• December 17, 2024

Facts Checks 2023

HOAX: This website running a reward campaign for Airtel old sim cards is fraudulent

The telco has distanced itself from the website and the purported campaign.

PesaCheck

PesaCheck

4 min read

Jul 20

This website supposedly running an Airtel old sim card reward campaign and offering 5 and 10GB data is a HOAX.

The site promises 5GB data to those whose sim cards are more than six months old and 10GB data to those whose cards are older than a year.

To get the data, users are asked to provide their Airtel number and indicate how old their sim card is.

The last step requires sharing the link with 15 friends or five WhatsApp groups to get the promised data.

The link was also shared on Facebook, as seen here.

Glaring red flags such as sharing the link on WhatsApp, request for a phone number, and use of a suspicious URL prompted us to look into the site.

We performed a WHOIS search on the site and established that it was registered on 11 December 2021, whereas the legitimate Airtel Kenya website was registered in November 2010.

Research by PesaCheck found that hoax sites tend to be new and have concealed the registrant details compared to genuine ones, which are usually older and with no hidden information.

From left to right: a WHOIS search for the imposter vs that of the legitimate Airtel site.

We found no posts on the purported campaign on Airtel Kenya’s verified Twitter account and Facebook page.

Airtel Kenya distanced itself from the site in response to our tweet.

“Be warned we do not have such a promotion,” the company said.

PesaCheck examined a website supposedly running an Airtel old sim card campaign and offering 5 and 10GB data and found it to be a HOAX.

This post is part of an ongoing series of PesaCheck fact-checks examining content marked as potential misinformation on Facebook and other social media platforms.

By partnering with Facebook and similar social media platforms, third-party fact-checking organisations like PesaCheck are helping to sort fact from fiction. We do this by giving the public deeper insight and context to posts they see in their social media feeds.

Have you spotted what you think is fake or false information on Facebook? Here’s how you can report. And, here’s more information on PesaCheck’s methodology for fact-checking questionable content.
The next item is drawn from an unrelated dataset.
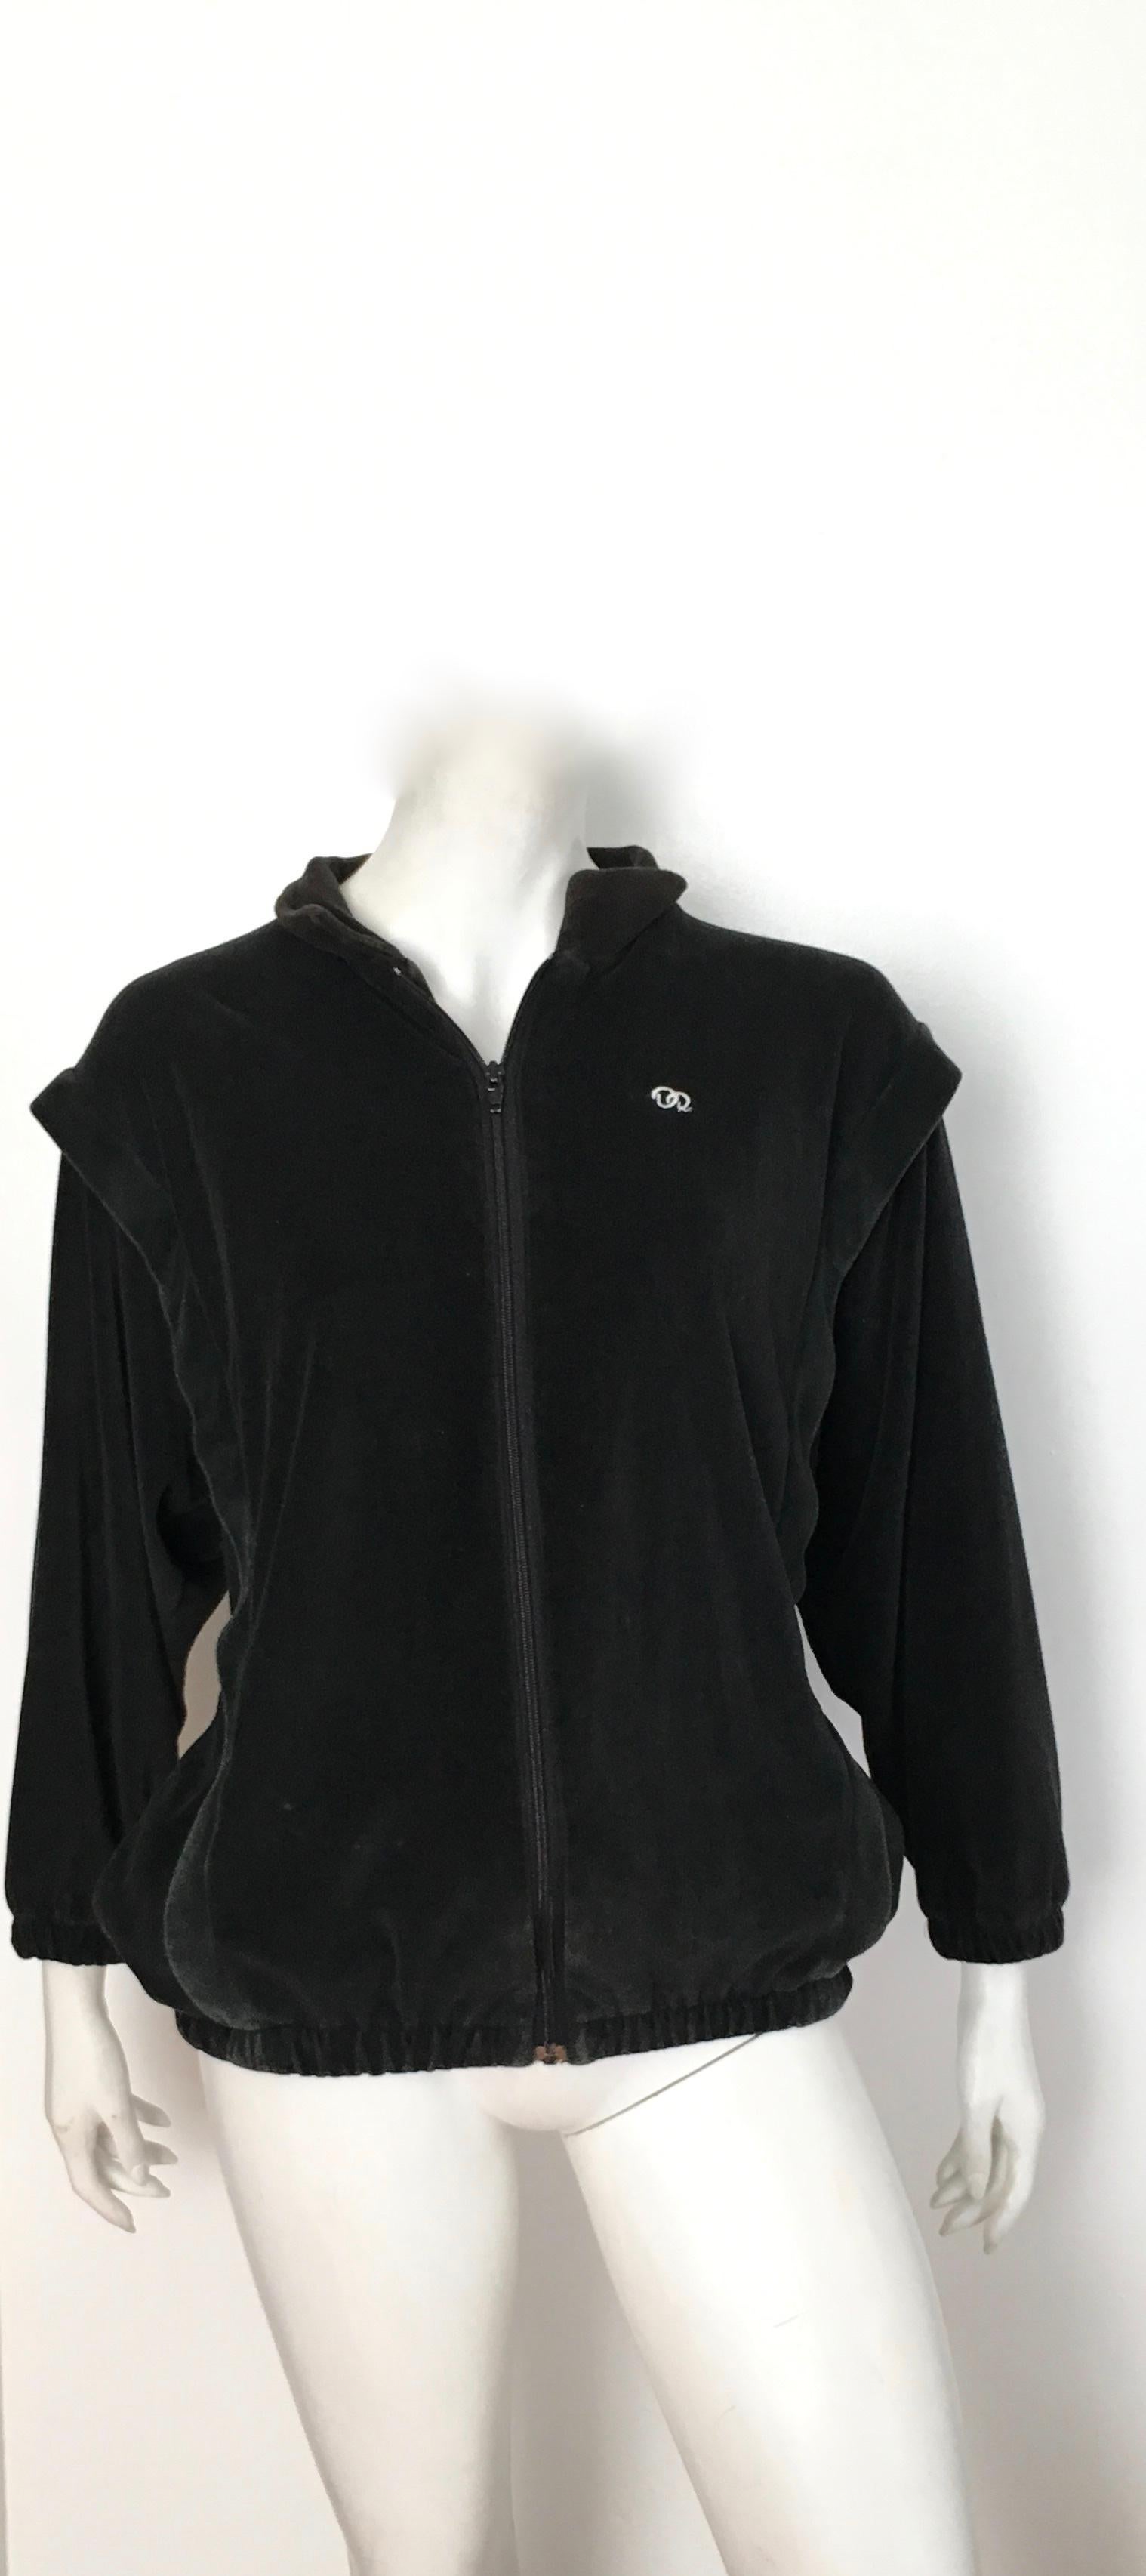 Oscar de la Renta Active 1980s black velour zipper activewear jacket with pockets is a size medium.  Matilda the Mannequin is wearing this activewear jacket and Matilda is a size 4.  In my opinion this will fit a size 4, 6 & 8 but you be the judge.

This fact-check was written by PesaCheck fact-checker Rodgers Omondi and edited by PesaCheck senior copy editor Cédrick Irakoze and acting chief copy editor Francis Mwaniki.

The article was approved for publication by PesaCheck managing editor Doreen Wainainah.

PesaCheck is East Africa’s first public finance fact-checking initiative. It was co-founded by Catherine Gicheru and Justin Arenstein, and is being incubated by the continent’s largest civic technology and data journalism accelerator: Code for Africa. It seeks to help the public separate fact from fiction in public pronouncements about the numbers that shape our world, with a special emphasis on pronouncements about public finances that shape government’s delivery of Sustainable Development Goals (SDG) public services, such as healthcare, rural development and access to water / sanitation. PesaCheck also tests the accuracy of media reportage. To find out more about the project, visit pesacheck.org.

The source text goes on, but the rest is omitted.